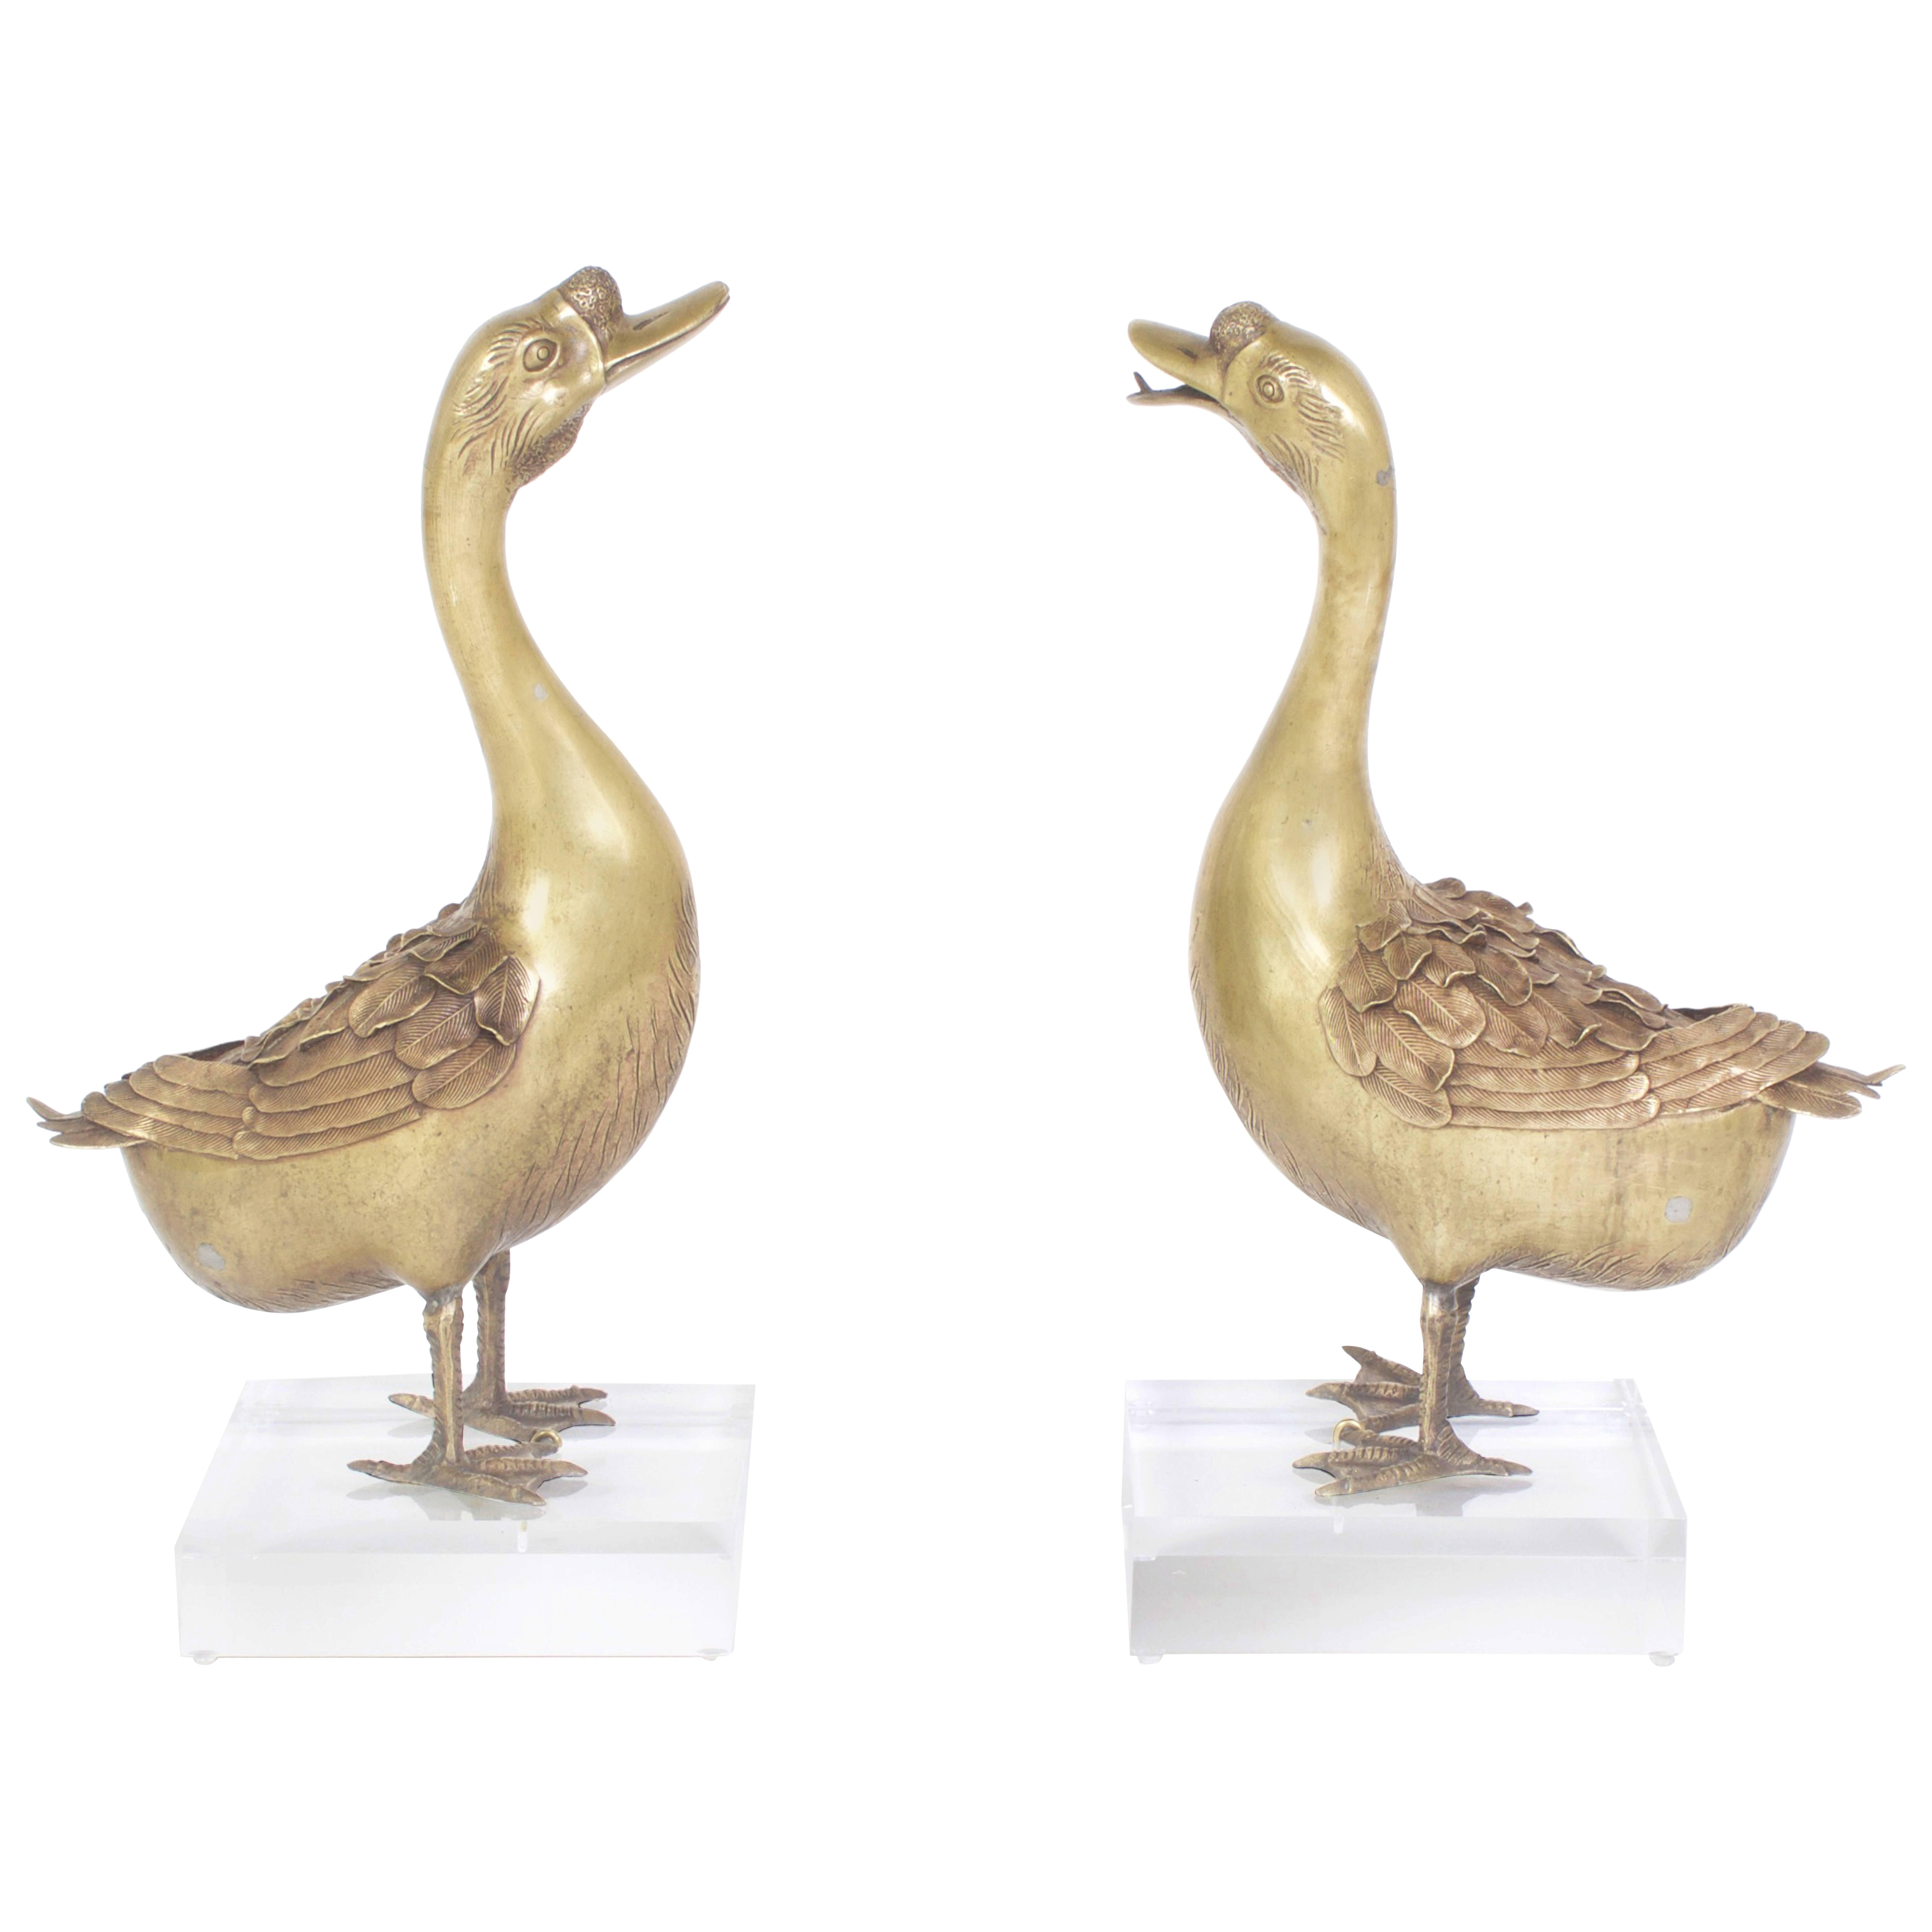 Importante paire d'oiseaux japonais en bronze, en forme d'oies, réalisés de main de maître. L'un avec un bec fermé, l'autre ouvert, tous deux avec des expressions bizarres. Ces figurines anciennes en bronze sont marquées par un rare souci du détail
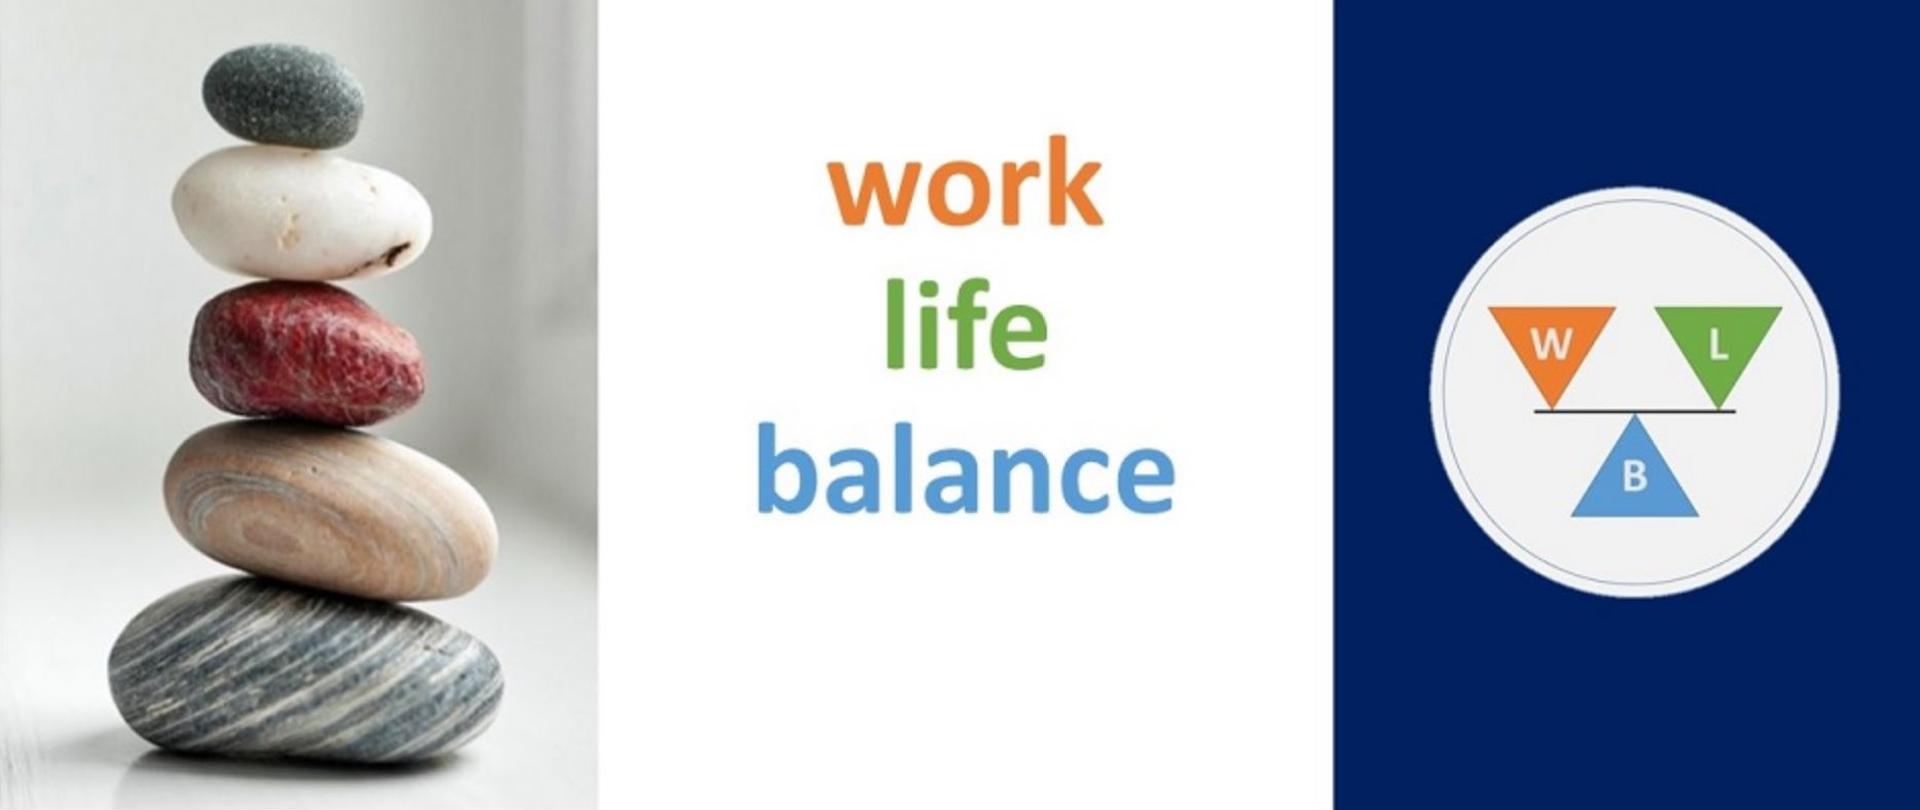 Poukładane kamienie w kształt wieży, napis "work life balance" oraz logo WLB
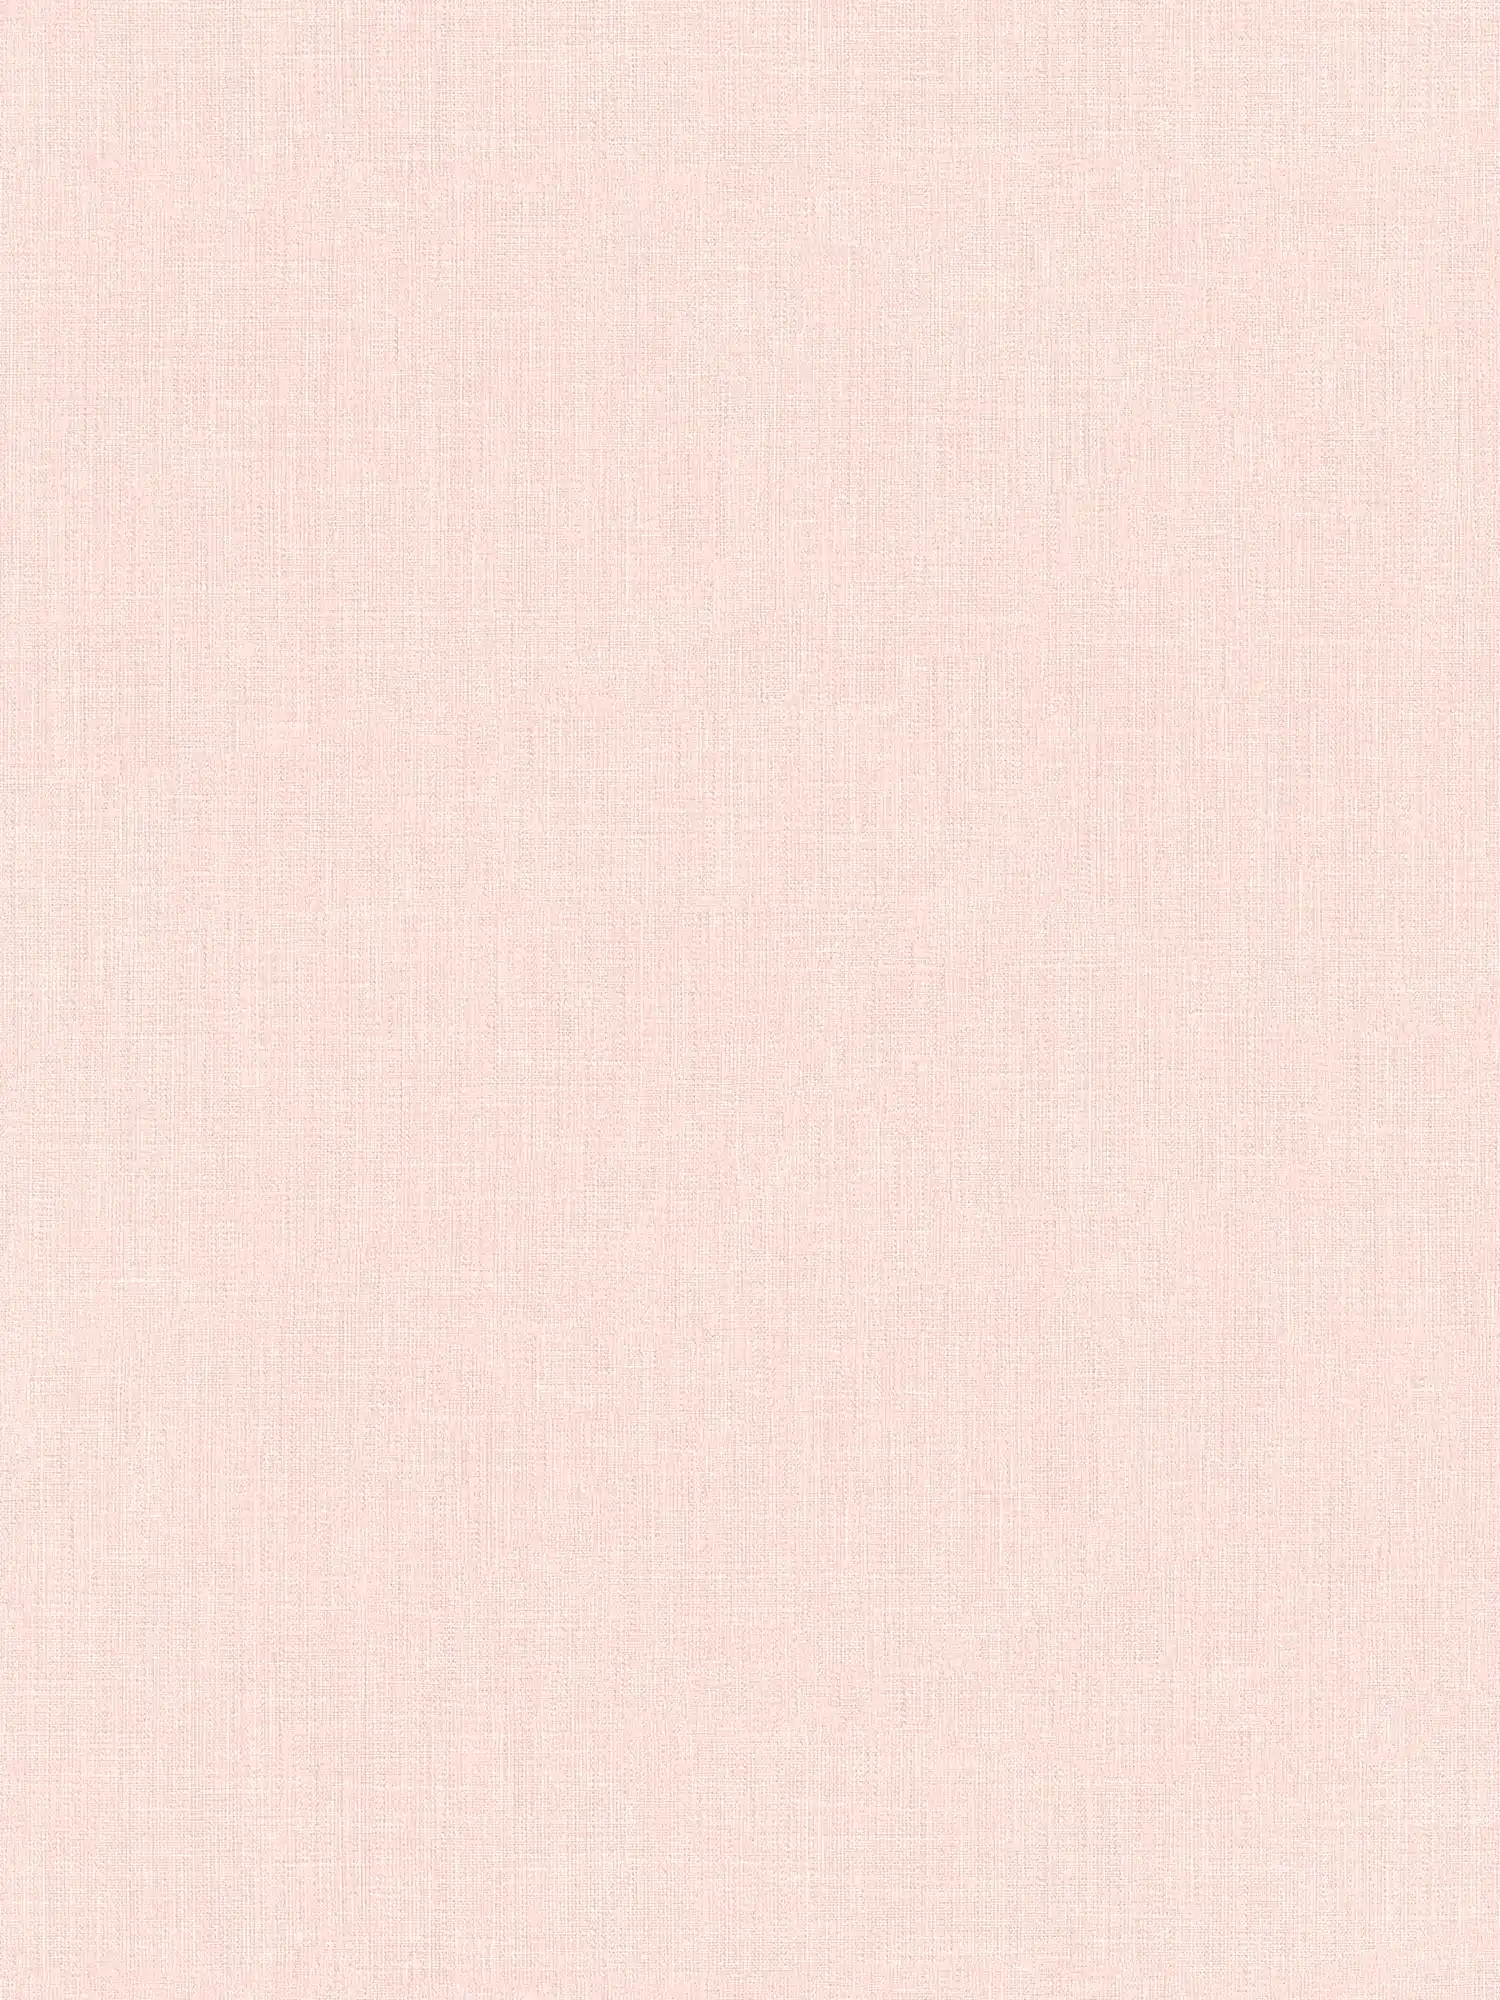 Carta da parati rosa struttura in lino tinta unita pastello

## [Task prompt]
Images are to be left out; everything else in the material must be written out exactly.

## [Your solution]
 Importante paire d'oiseaux japonais en bronze, en forme d'oies, réalisés de main de maître. L'un avec un bec fermé, l'autre ouvert, tous deux avec des expressions bizarres. Ces figurines anciennes en bronze sont marquées par un rare souci du détail
 Poukładane kamienie w kształt wieży, napis "work life balance" oraz logo WLB
 Carta da parati rosa struttura in lino tinta unita pastello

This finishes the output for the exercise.